• _What is needed_
Please repeat the data below exactly, with the pictures removed.

• _Given information_
☆ ☆ ☆ ☆ ☆ ☆ ☆

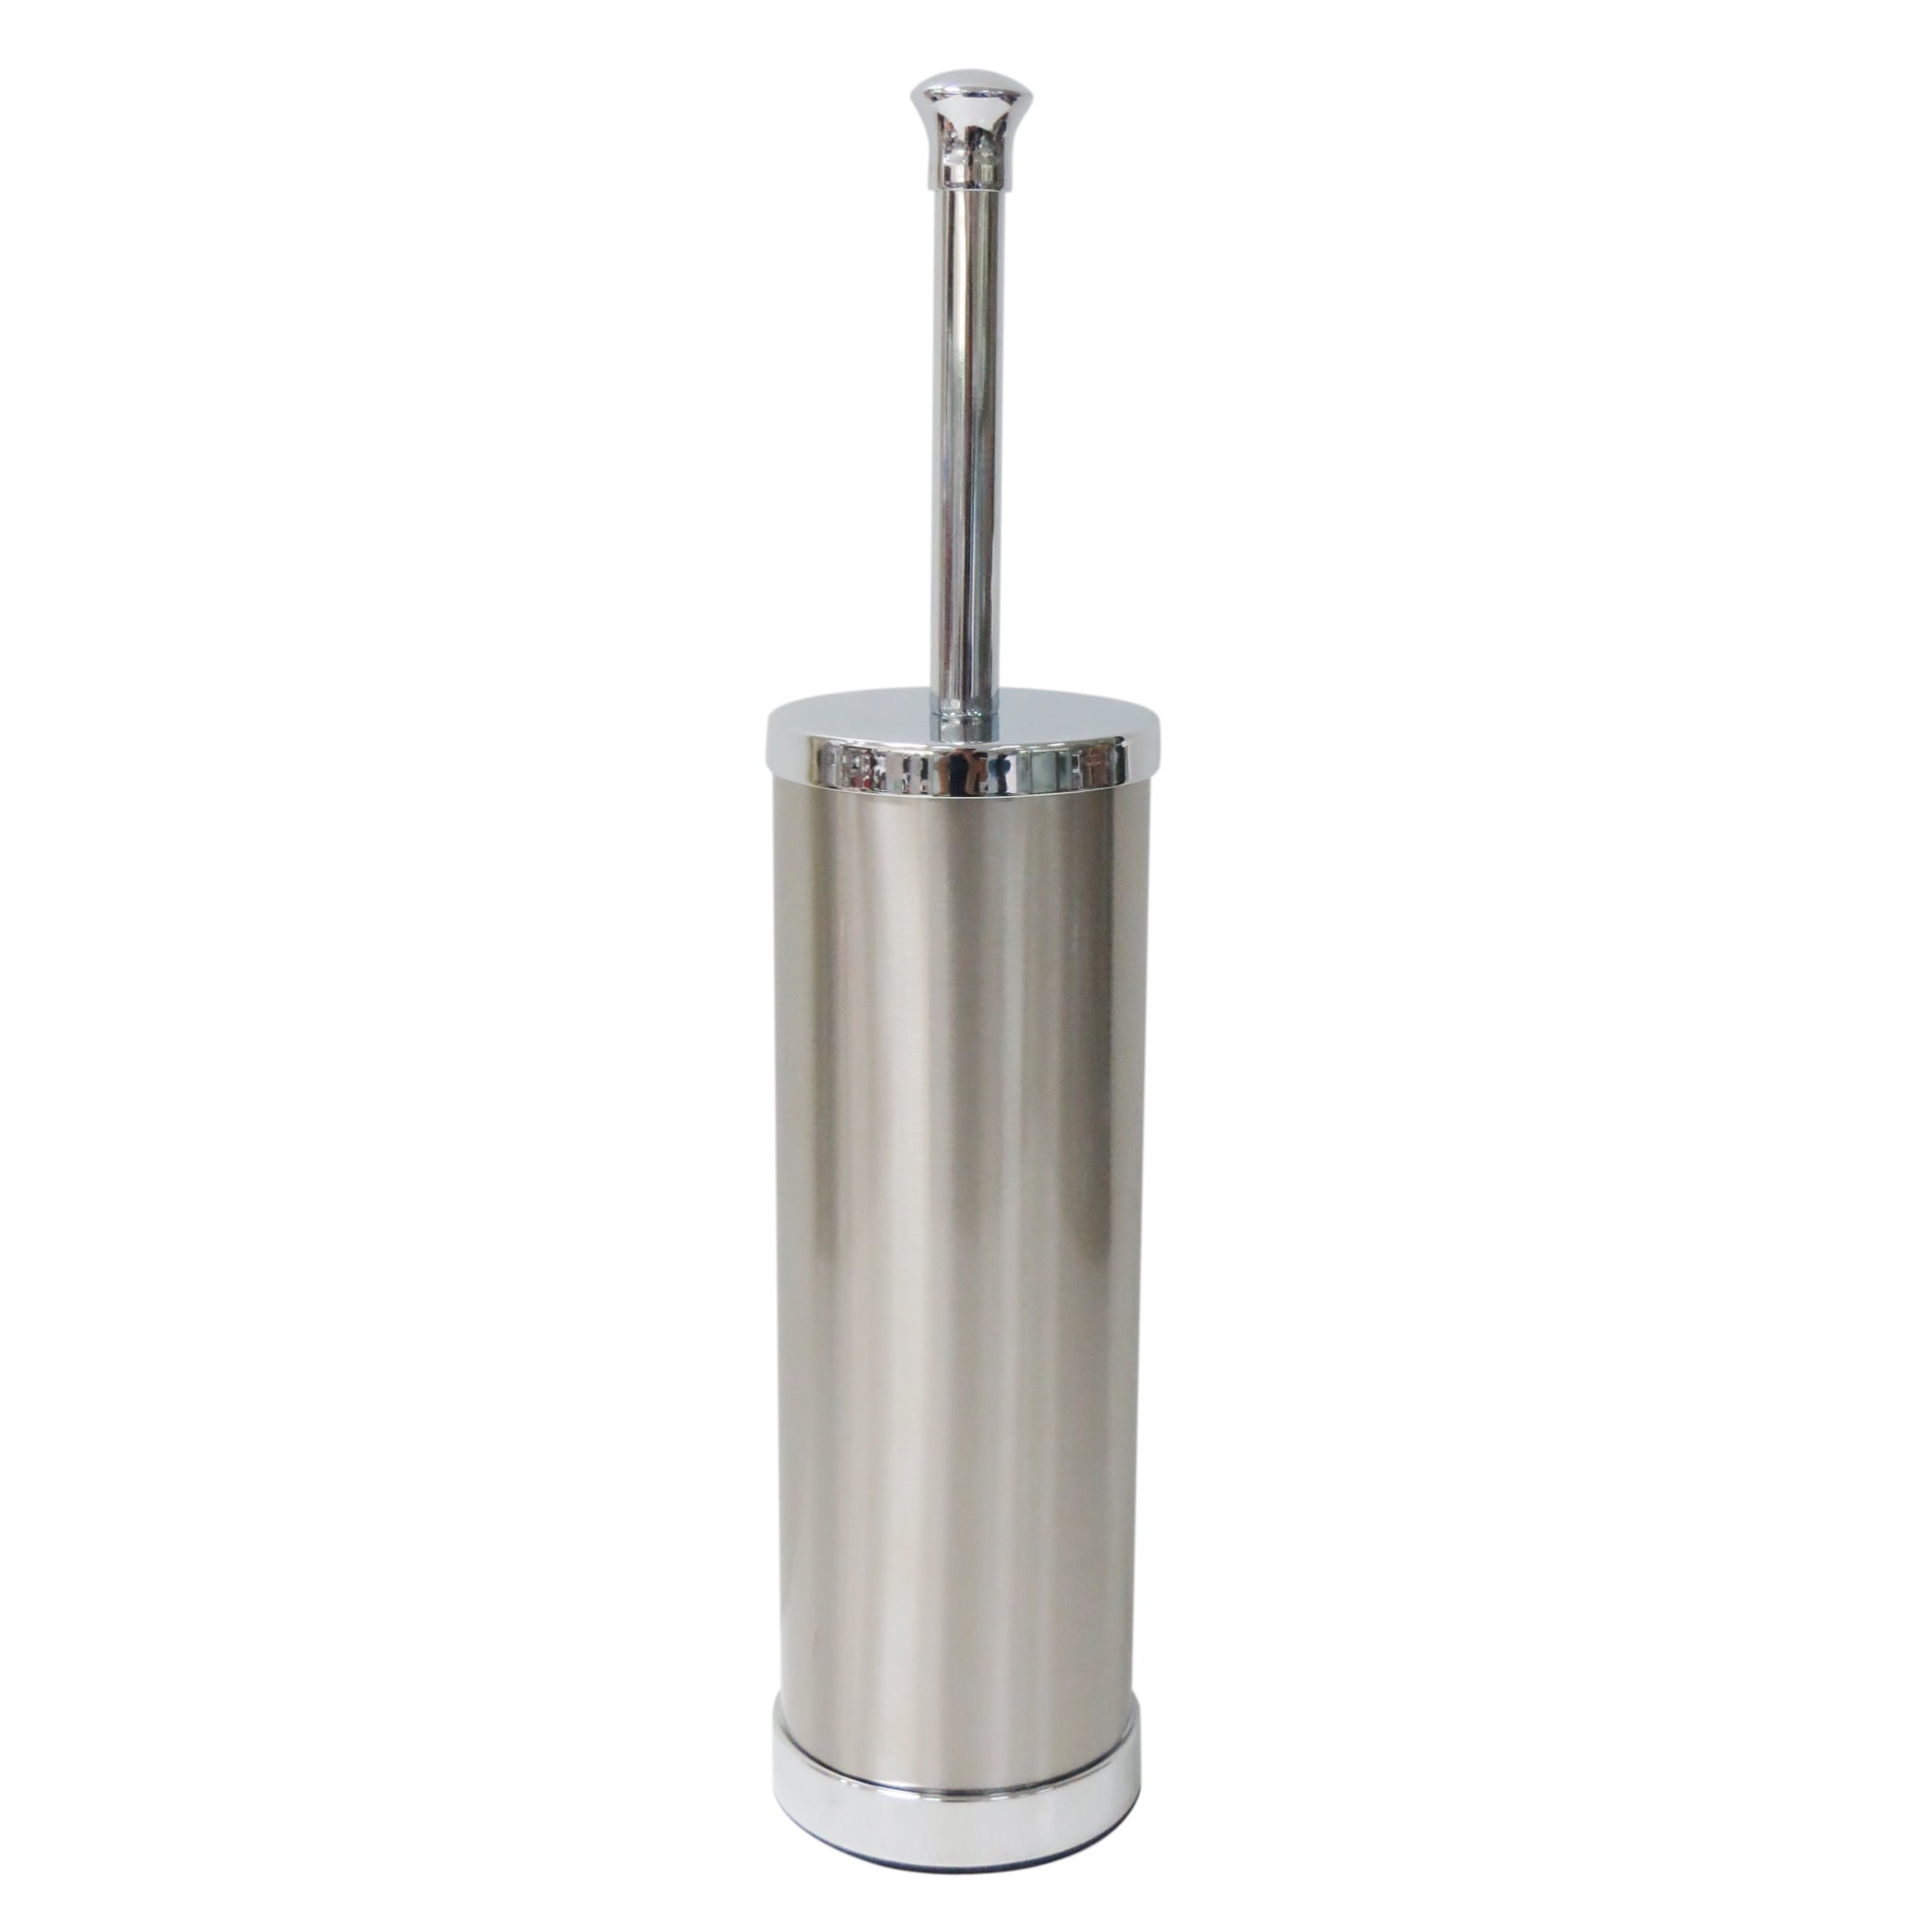 Toilet Brush with Decorative Stainless Steel Metal Container
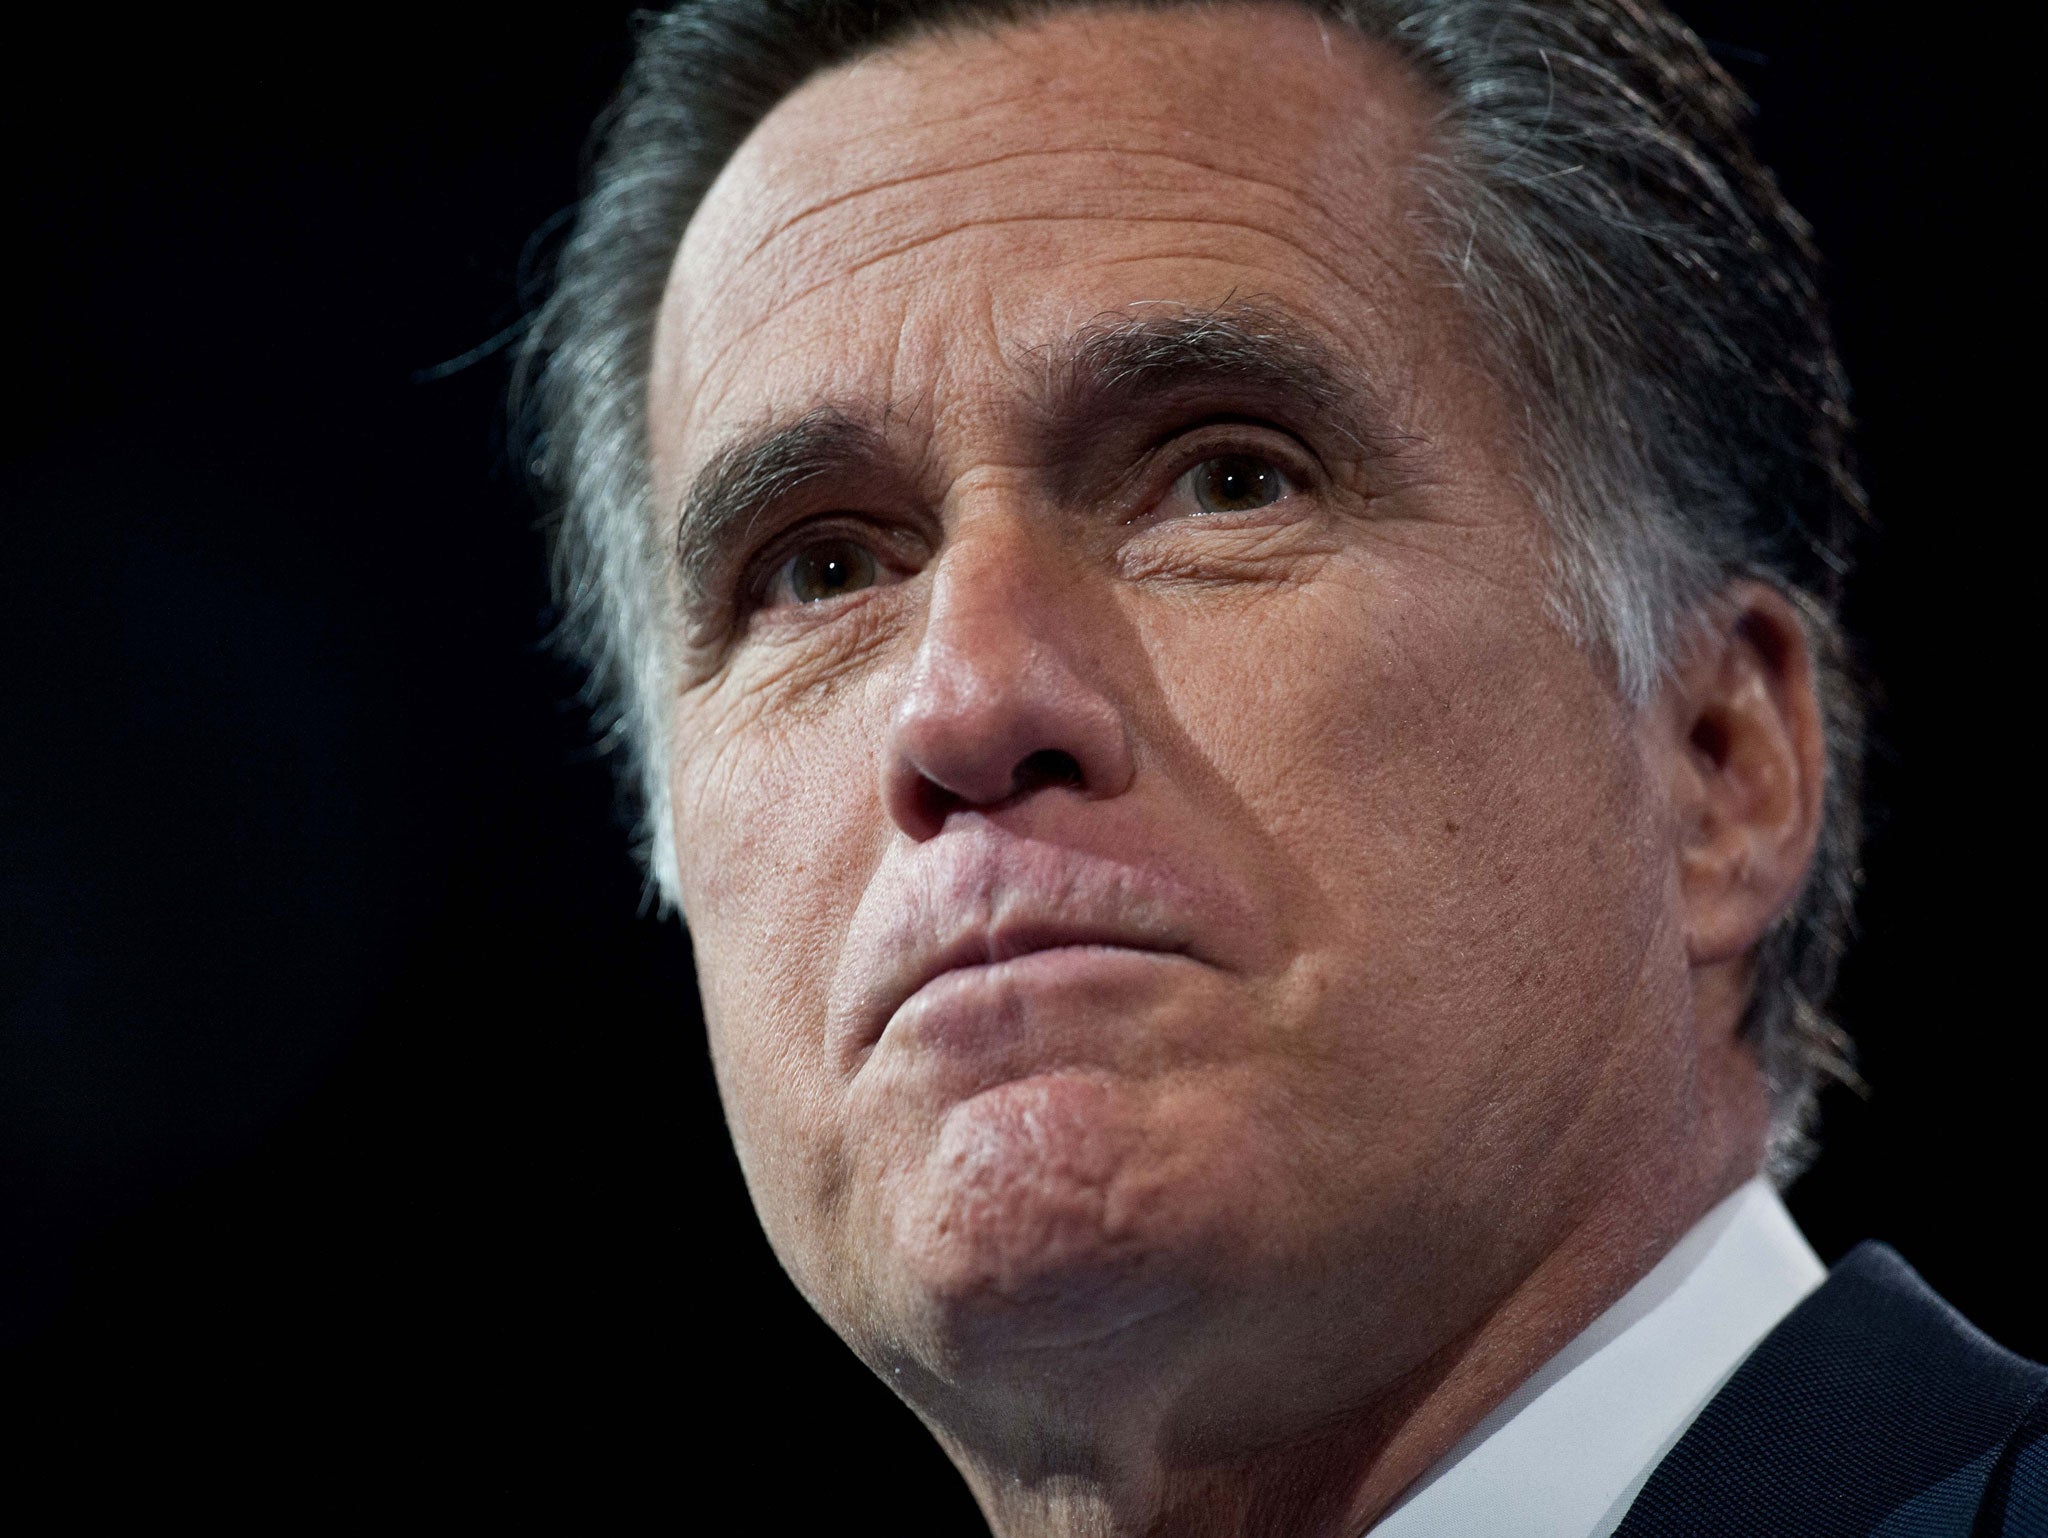 Mitt Romney has accepted Melissa Harris-Perry's apology after panelists on her US programme made fun of his African-American grandson
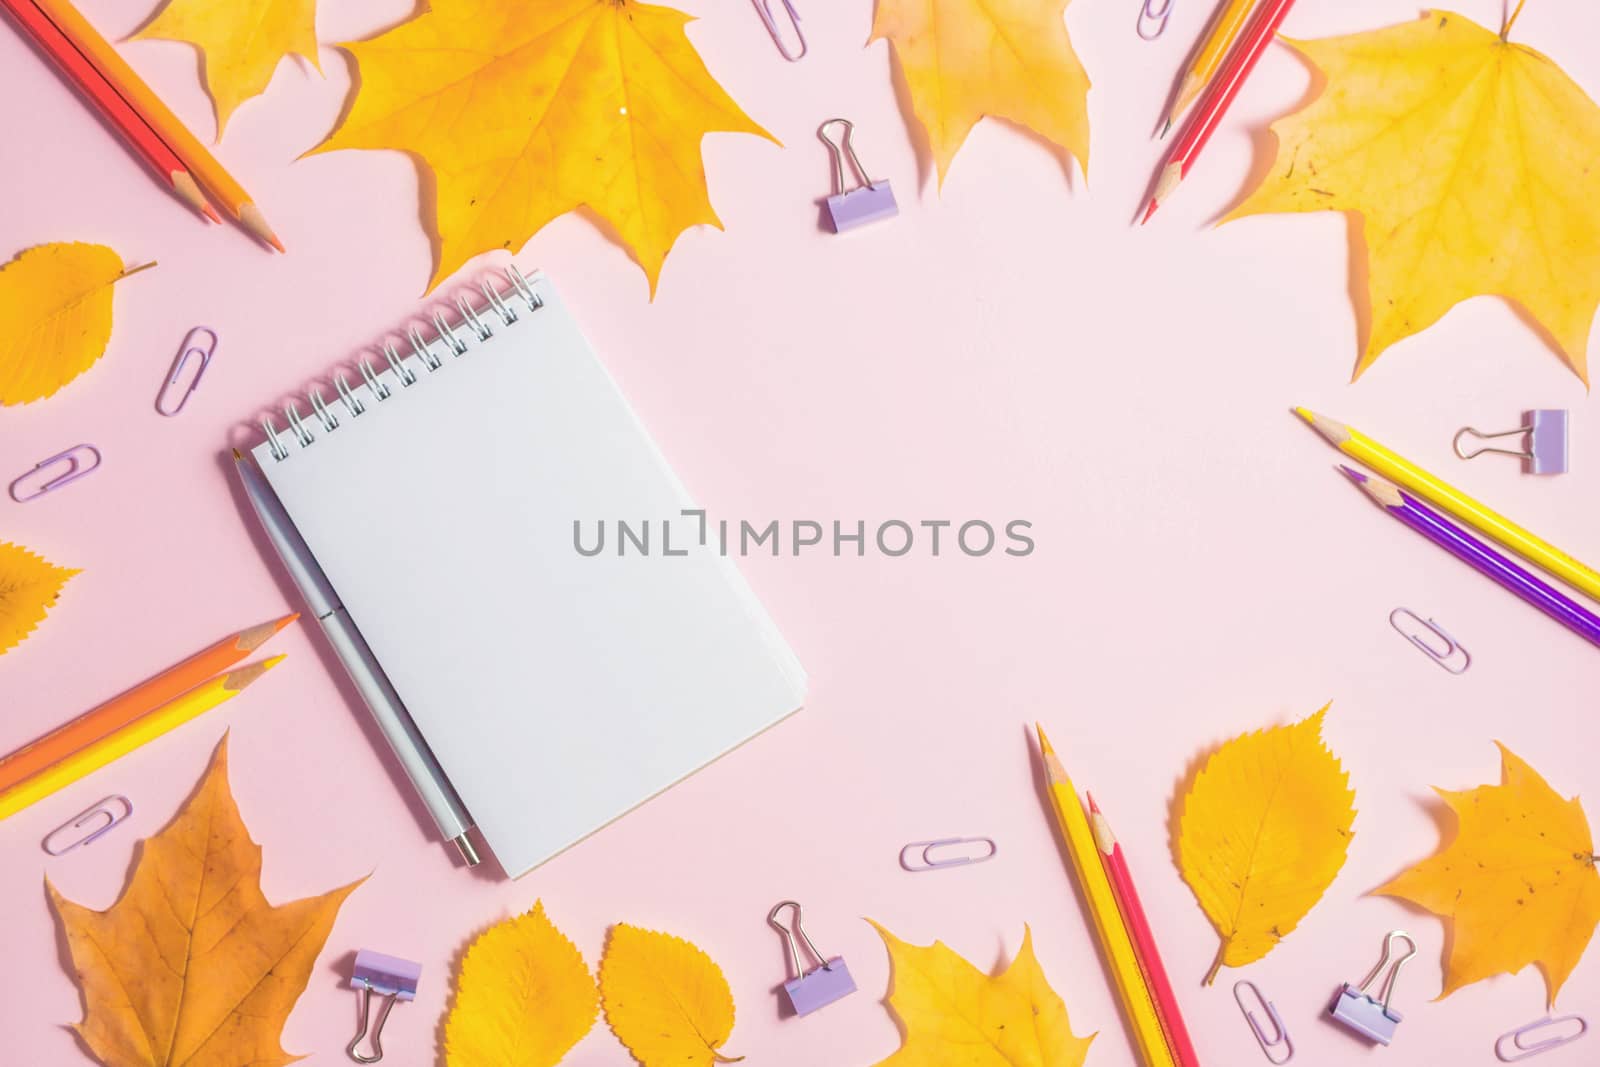 .Autumn fallen foliage and notebook on pink background

☆ ☆ ☆ ☆ ☆ ☆ ☆

• _Answer section_
 Toilet Brush with Decorative Stainless Steel Metal Container
 Mitt Romney has accepted Melissa Harris-Perry's apology after panelists on her US programme made fun of his African-American grandson
 .Autumn fallen foliage and notebook on pink background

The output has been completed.